Eyes sunken, hair askew, feet aching…That has been my general appearance yesterday and today. Which has in turn made me annoyed at myself. After being papped by a club photography on Friday, I nervously stalked the club’s Facebook page hoping to find said photo and erase it from existence. Eventually I tracked it down and what I was confronted by was too hideous to comprehend. Luckily cropping and a filter alleviated some of the perpetual ugliness that haunts my daily existence, but the worst part of this photo was the way my t-shirt hung over me, making it seem that I have a beer belly – which I fucking don’t. So now I’m battling my weight issues and that wee voice in my head that’s screaming ‘lardy’ at me every time I stomp by a mirror.

I don’t even recall Friday night, that’s the alarming thing. How do I manage to get myself into these states in my twenties? For fuck sake I lost one shoe. Just one. I literally limped into my flat with one shoe; where did it go? Fuck knows. It went MIA somewhere on the barren streets of 3am Glasgow. Who loses a fucking shoe? Like, actually. What a pitiful lump of a human I regress into when I’m overly drunk. I keep being bombarded with flash backs of Friday; wee snippets of people I met or images of me preening and jigging around the dance floor like some sort of desperate animal. I can’t quite shake the feeling that someone has perhaps has made off with my shoe. Some sleekit rouge prowling the streets but only managed to wrestle one shoe off me before he slid away into the night #awfysleekit.

Last night I ventured out to see Latrice “muthafuckin” Royal. I would have enjoyed the show if not for the hordes of people crammed into the bar. It  was like someone hurriedly rammed an entire Pride festival back into the world’s tiniest closet.The sights, the sounds, the terrible fashion choices and collective odour from a room full of gays was just too much.  It was a concoction of stale aftershave and dry semen. There was one point where I couldn’t actually move; I was stuck in the same position, barely able to flex a muscle or get to the bathroom too pee. There were definitely some fire safety regulations being broken, that’s all I’m saying.

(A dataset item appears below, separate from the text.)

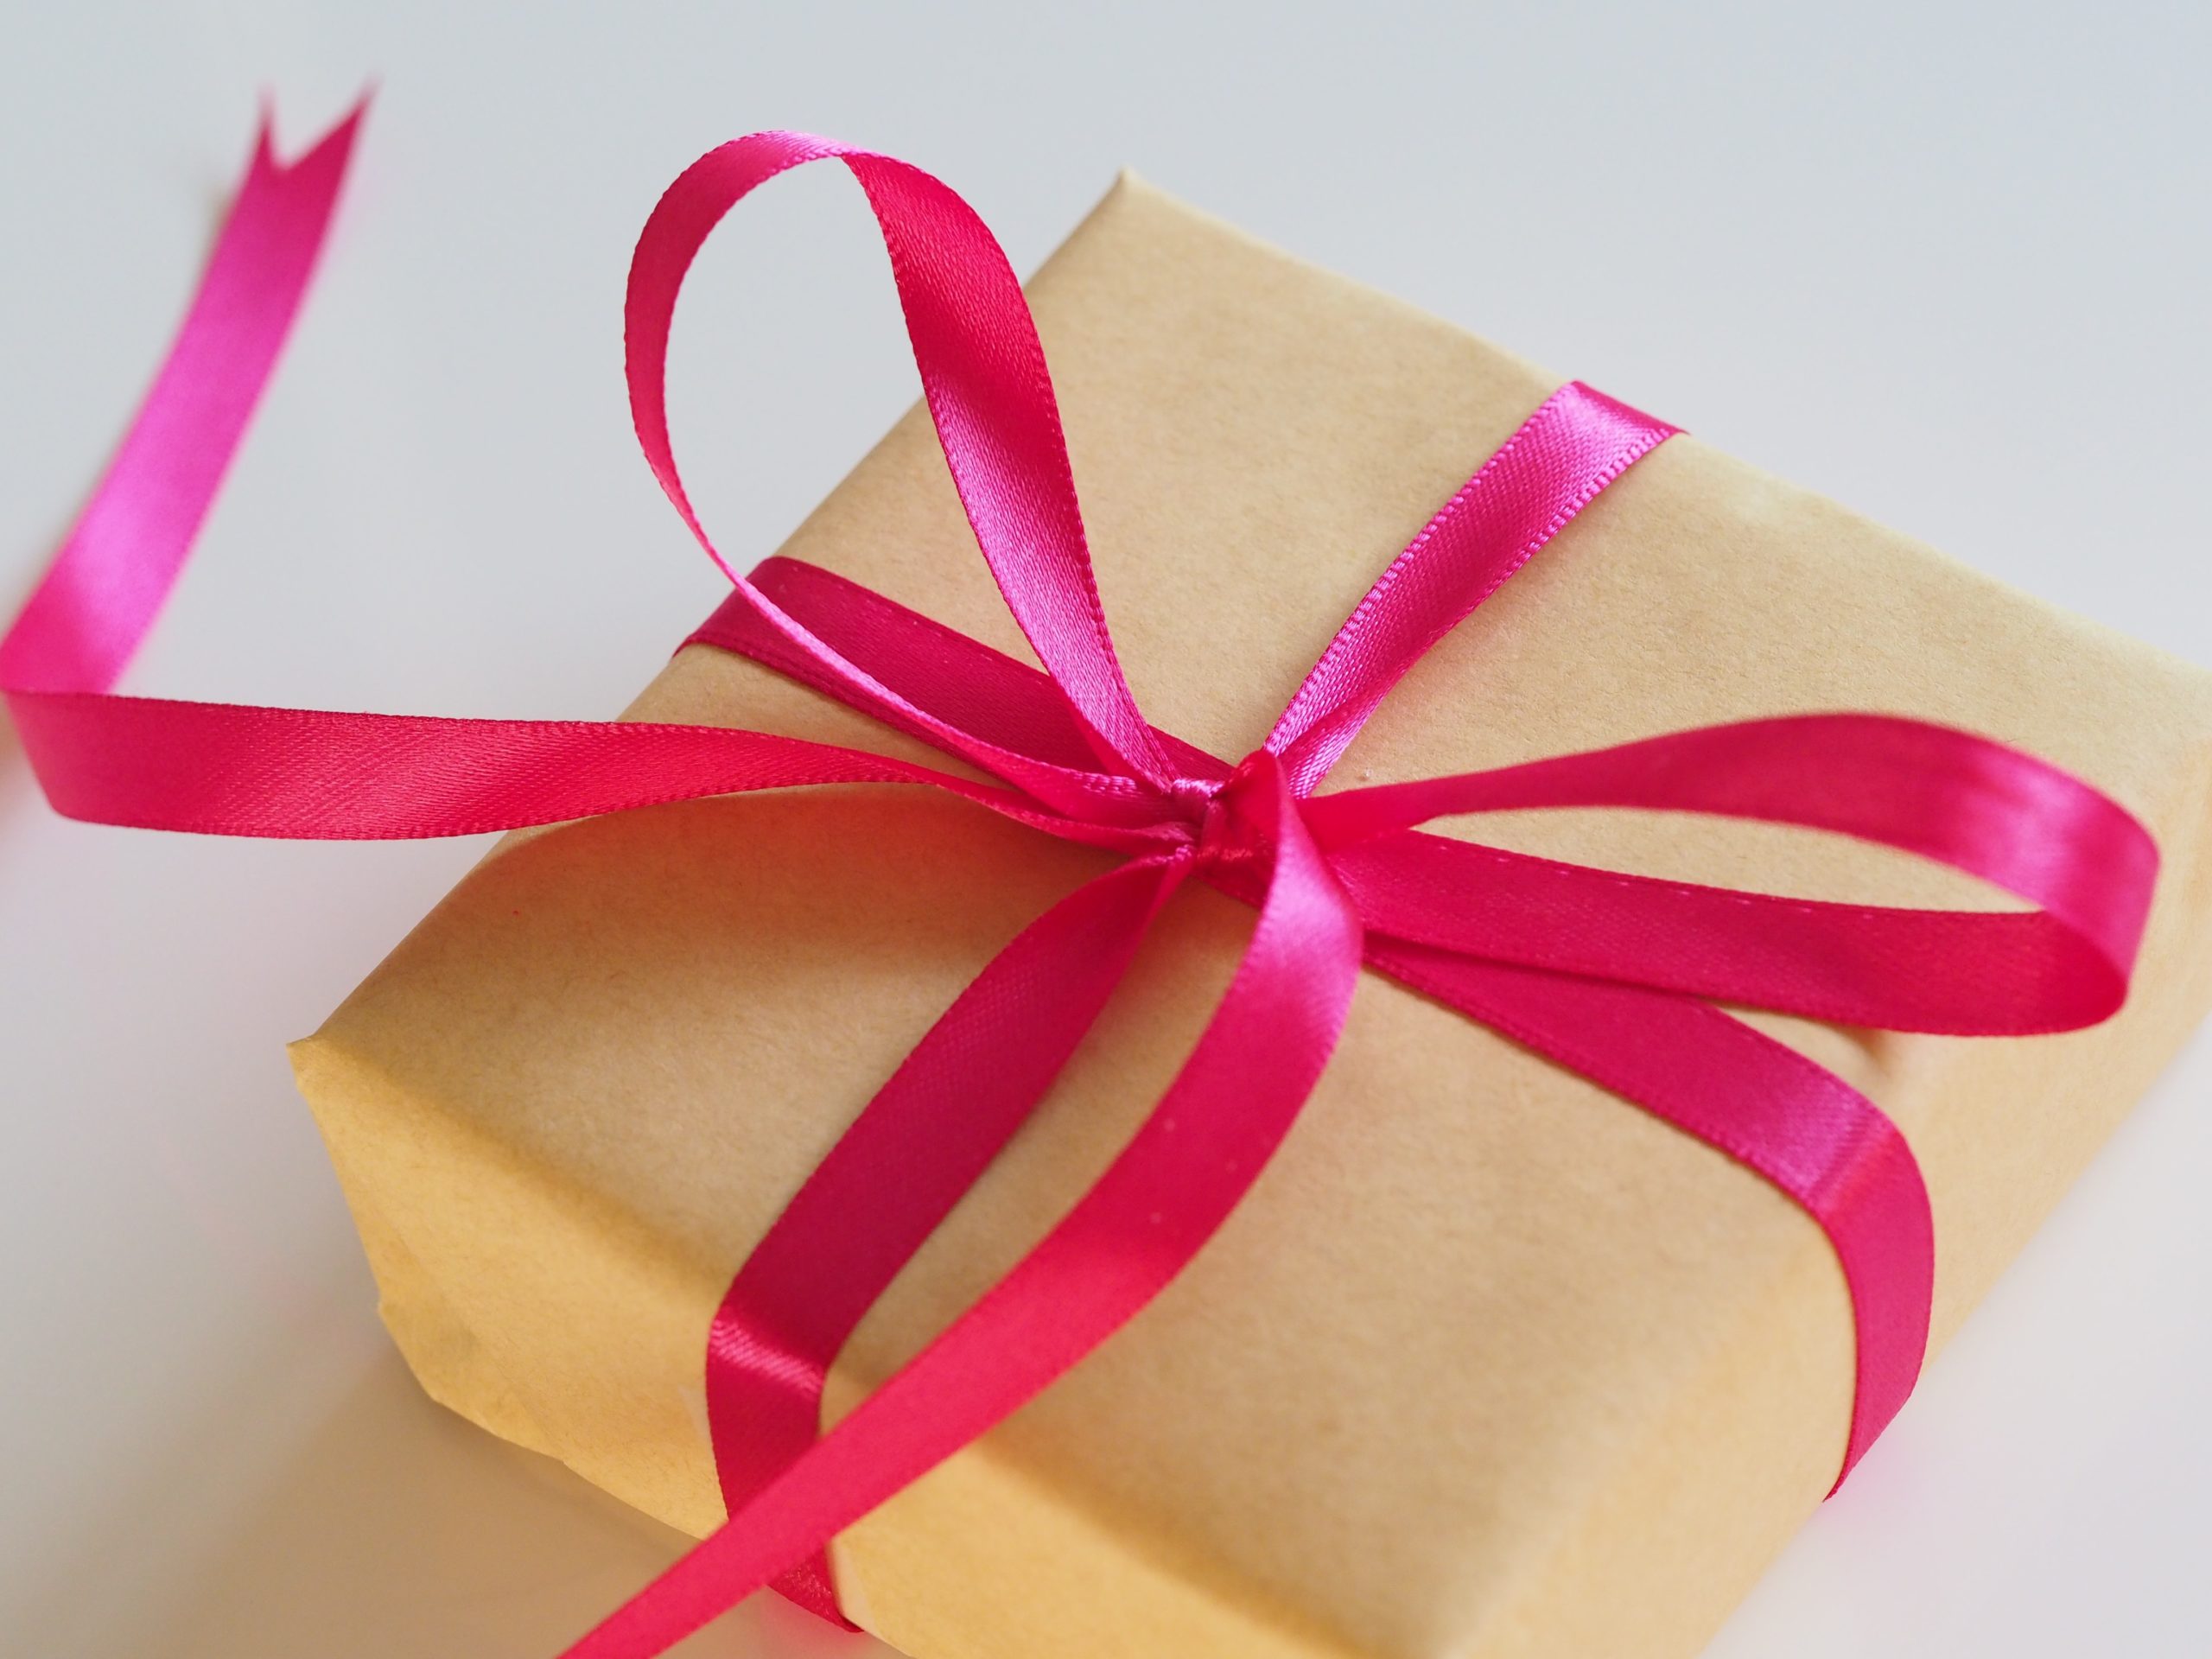 Экономика дара в XXI веке: Почему мы стали чаще делать подарки?
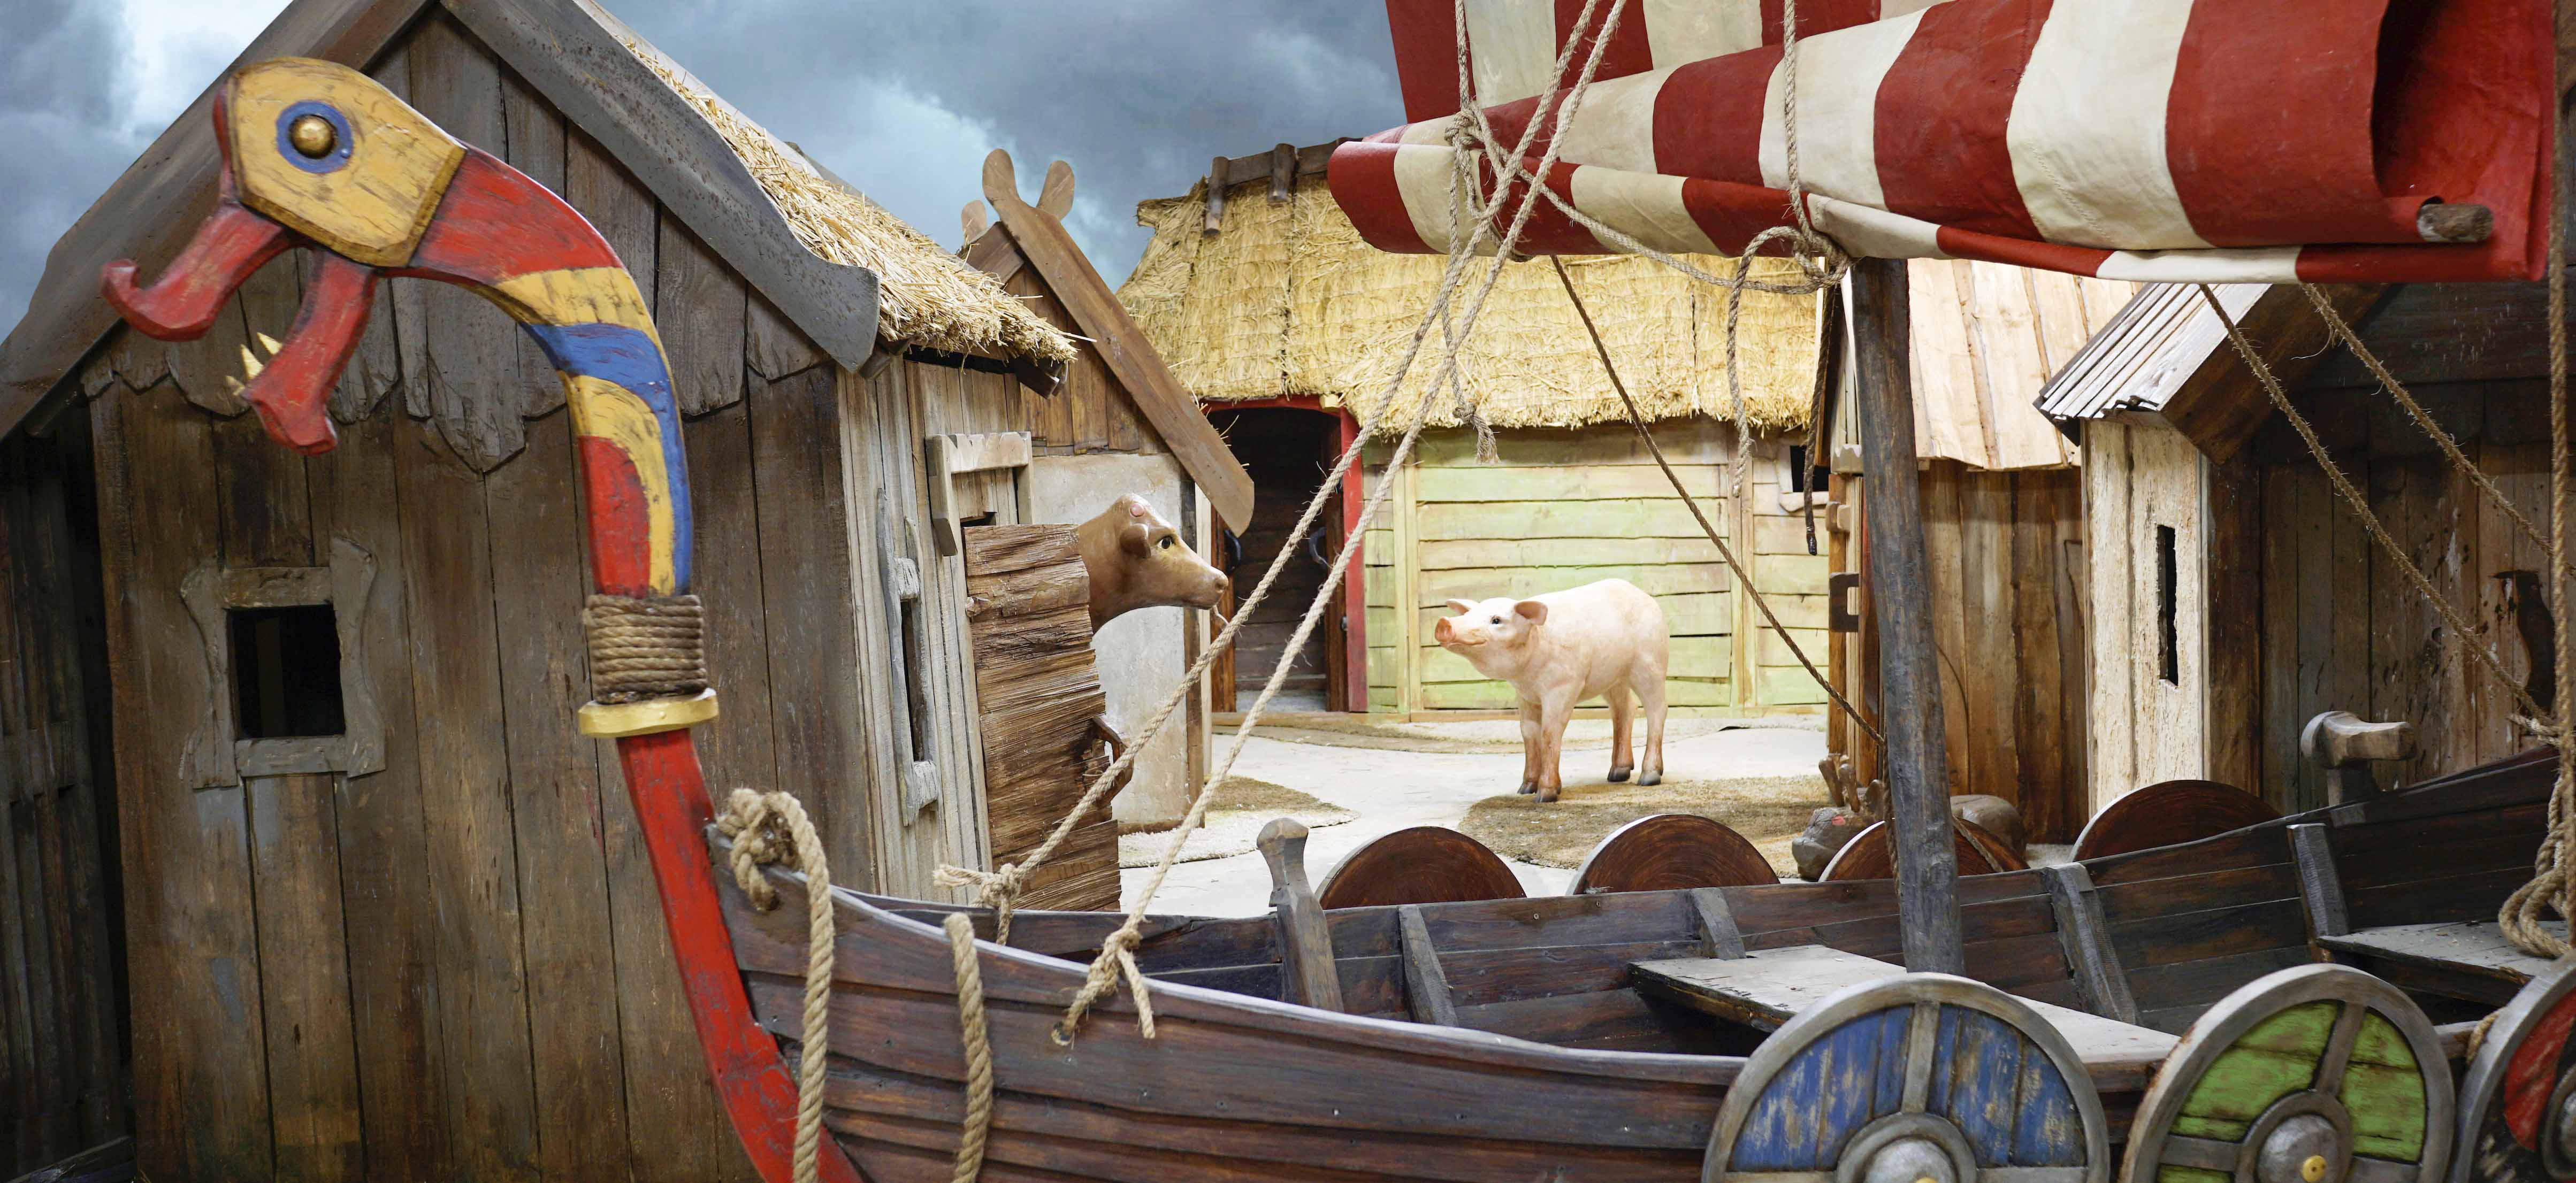 Bild på en uppbyggd utställning av en vikingaby. På bilden syns små hus med halmtak, en båt med sköldar på sidan i olika färger. En gris och en ko i mitten.

It’s just been one fucking thing after another. A lesbian told me I was handsome, bit of  backhanded compliment. All the music I’ve been forced to listen to has been terrible. I’m paranoid I look pregnant and someone on Grindr sent me a picture of him jerking someone off whilst simultaneously smelling his foot. These are the sort of offbeat events that occur in my daily life.  So all and all I was buzzing for this weekend, but when it actually touched down it was a bit of a let-down. The company was fine; it was just my mind-set and attitude that soured it I suspect. Anyway. Later.